WHAT YOU HAVE TO DO. The answer is the exact run of lines in the listing below from the line containing "Country Comfort Woodworking" up to and including the line containing "Electro Glow big", with pictures removed.

EXTRACTED MATERIAL.
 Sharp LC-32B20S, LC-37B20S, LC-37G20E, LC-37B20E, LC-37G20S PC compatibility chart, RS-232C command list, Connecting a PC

* * *

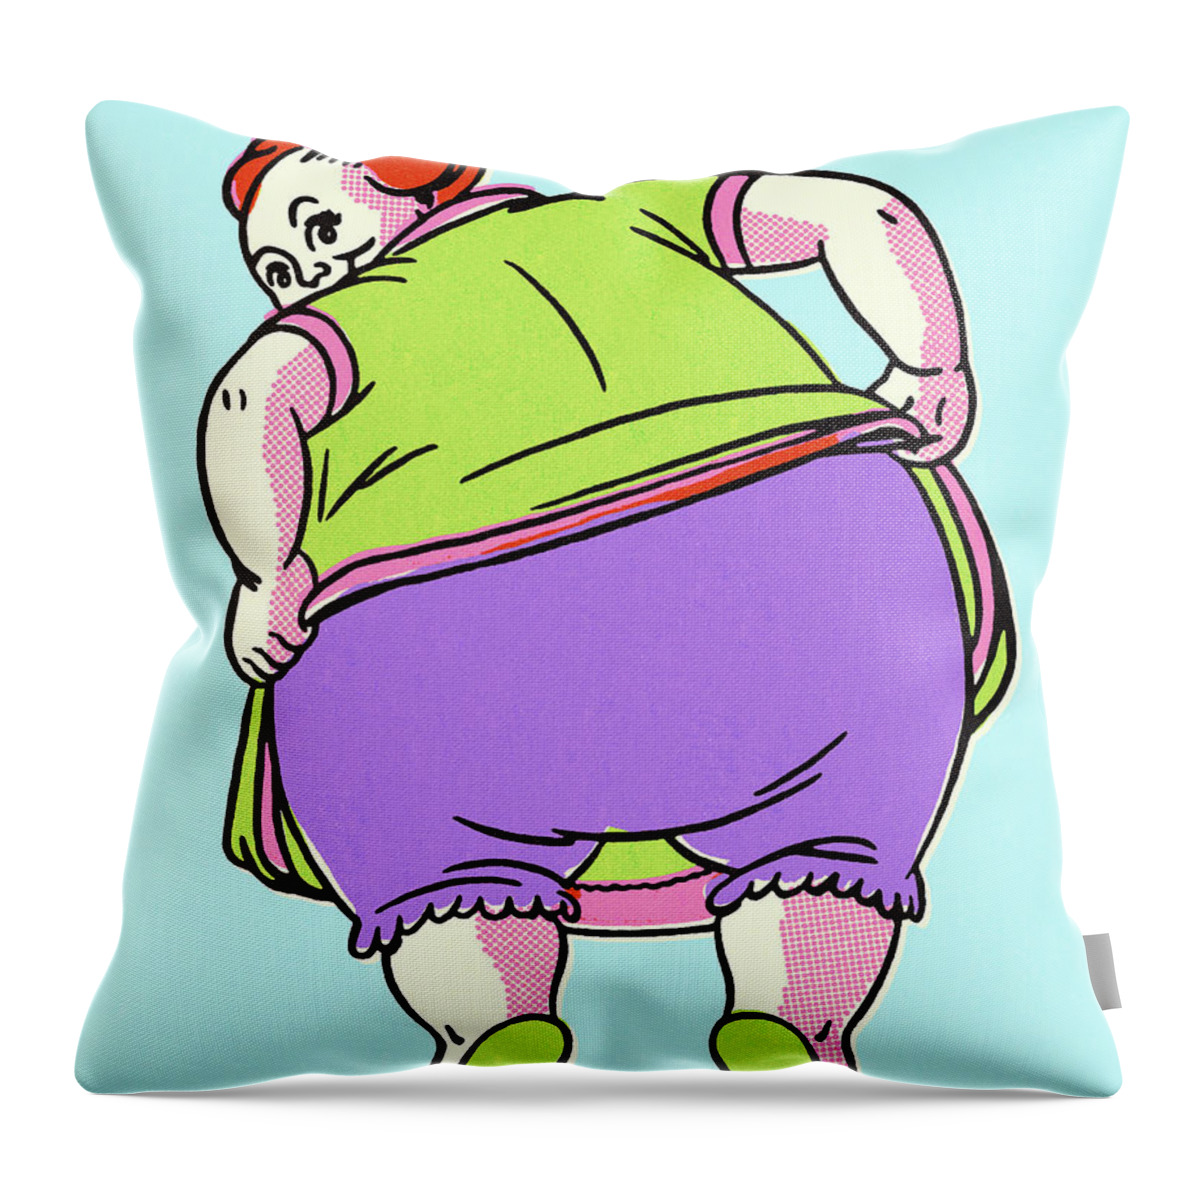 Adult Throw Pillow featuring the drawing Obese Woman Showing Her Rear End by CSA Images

* * *

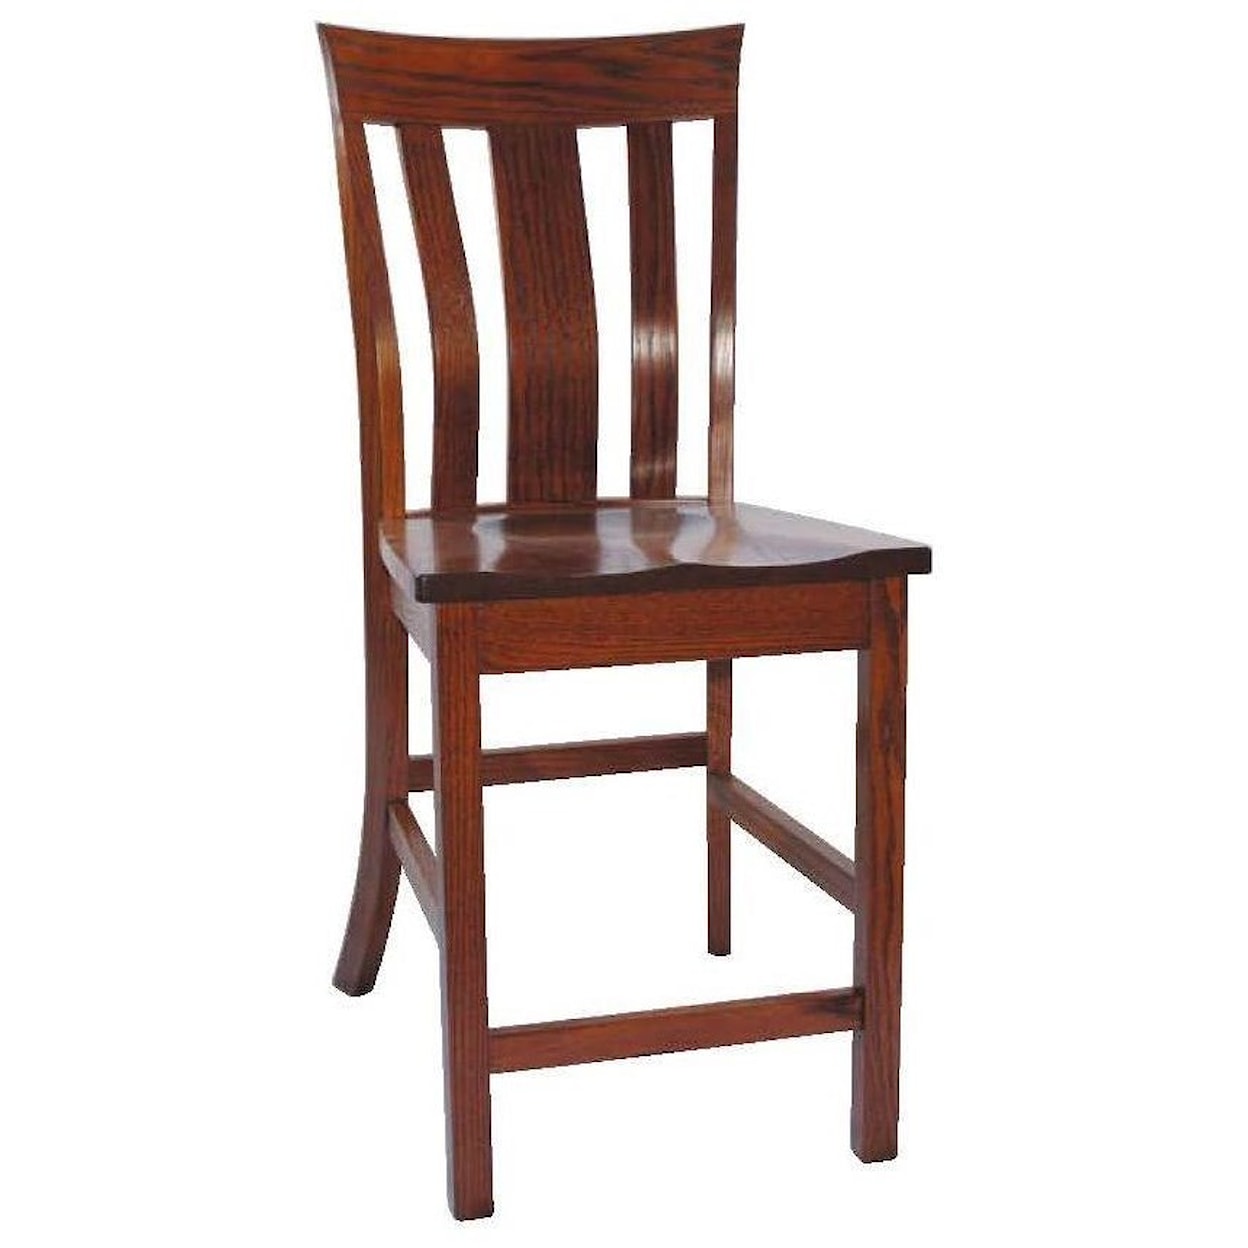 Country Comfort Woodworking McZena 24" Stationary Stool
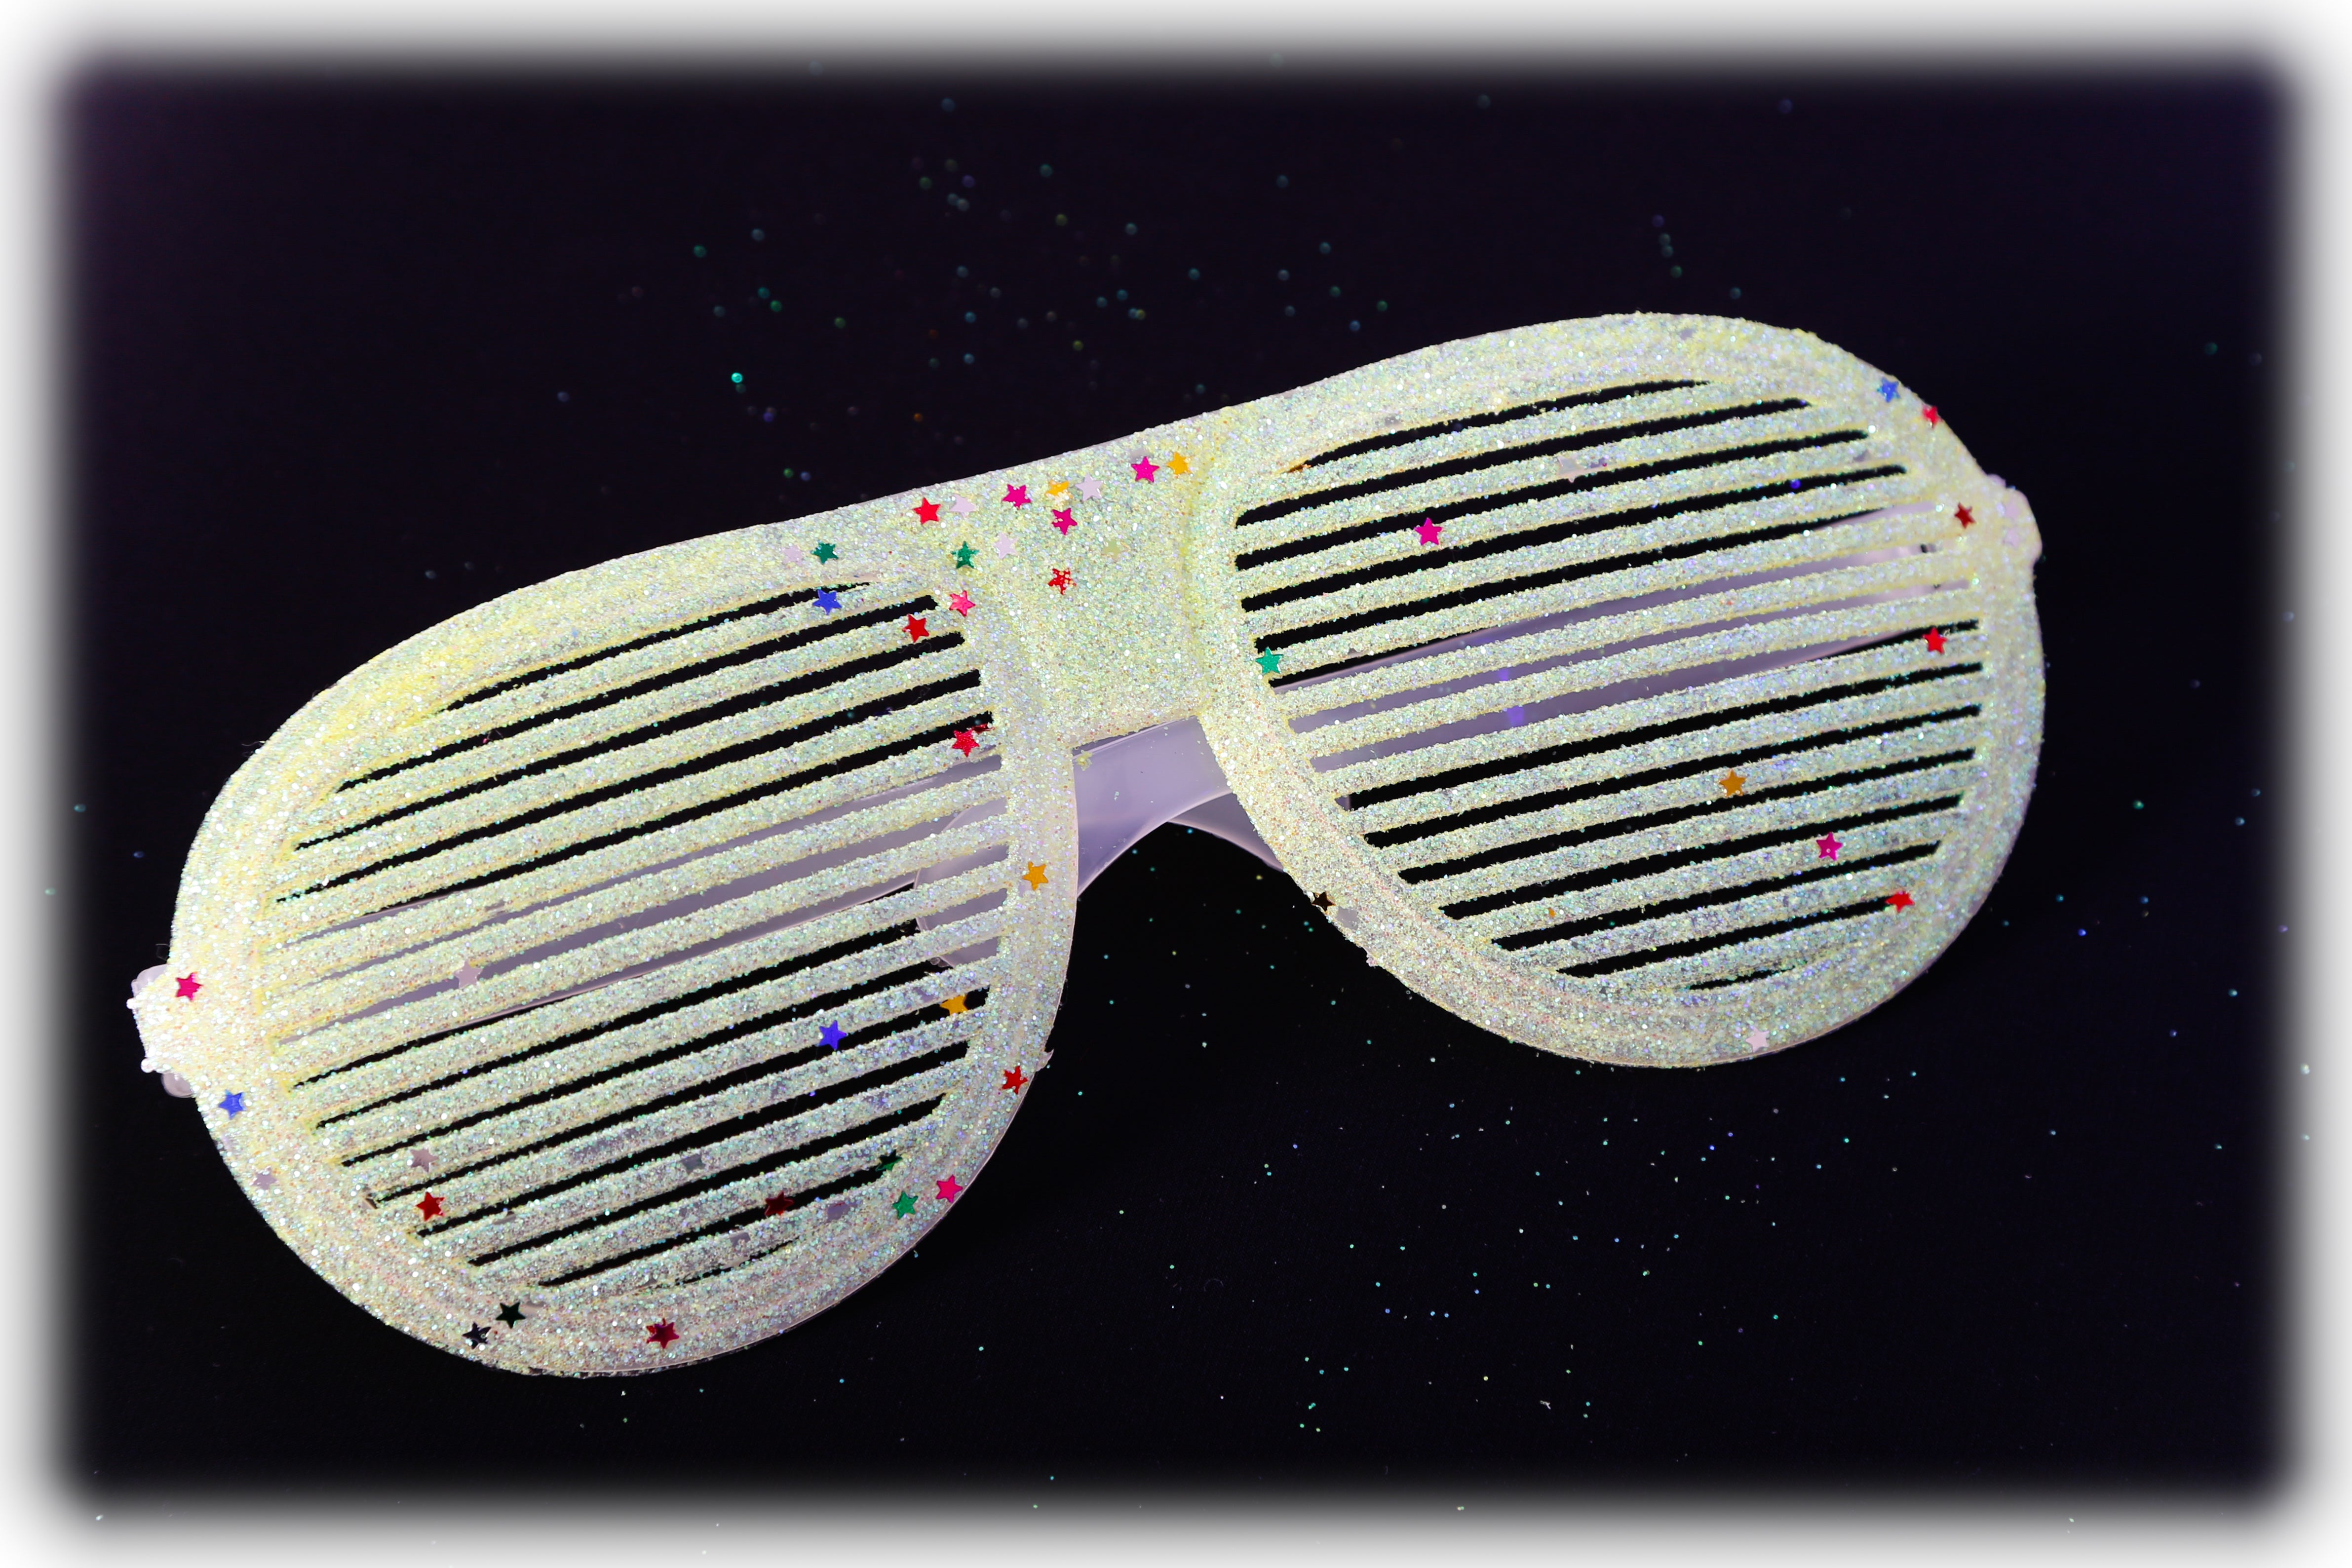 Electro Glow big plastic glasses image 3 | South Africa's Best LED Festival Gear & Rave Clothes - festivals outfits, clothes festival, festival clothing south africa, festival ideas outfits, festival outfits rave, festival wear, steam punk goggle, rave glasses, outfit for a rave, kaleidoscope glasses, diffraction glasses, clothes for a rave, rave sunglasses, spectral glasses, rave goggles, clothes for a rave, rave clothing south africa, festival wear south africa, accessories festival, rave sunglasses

ANSWER TO THE PROBLEM.
 Country Comfort Woodworking McZena 24" Stationary Stool
 Electro Glow big plastic glasses image 3 | South Africa's Best LED Festival Gear & Rave Clothes - festivals outfits, clothes festival, festival clothing south africa, festival ideas outfits, festival outfits rave, festival wear, steam punk goggle, rave glasses, outfit for a rave, kaleidoscope glasses, diffraction glasses, clothes for a rave, rave sunglasses, spectral glasses, rave goggles, clothes for a rave, rave clothing south africa, festival wear south africa, accessories festival, rave sunglasses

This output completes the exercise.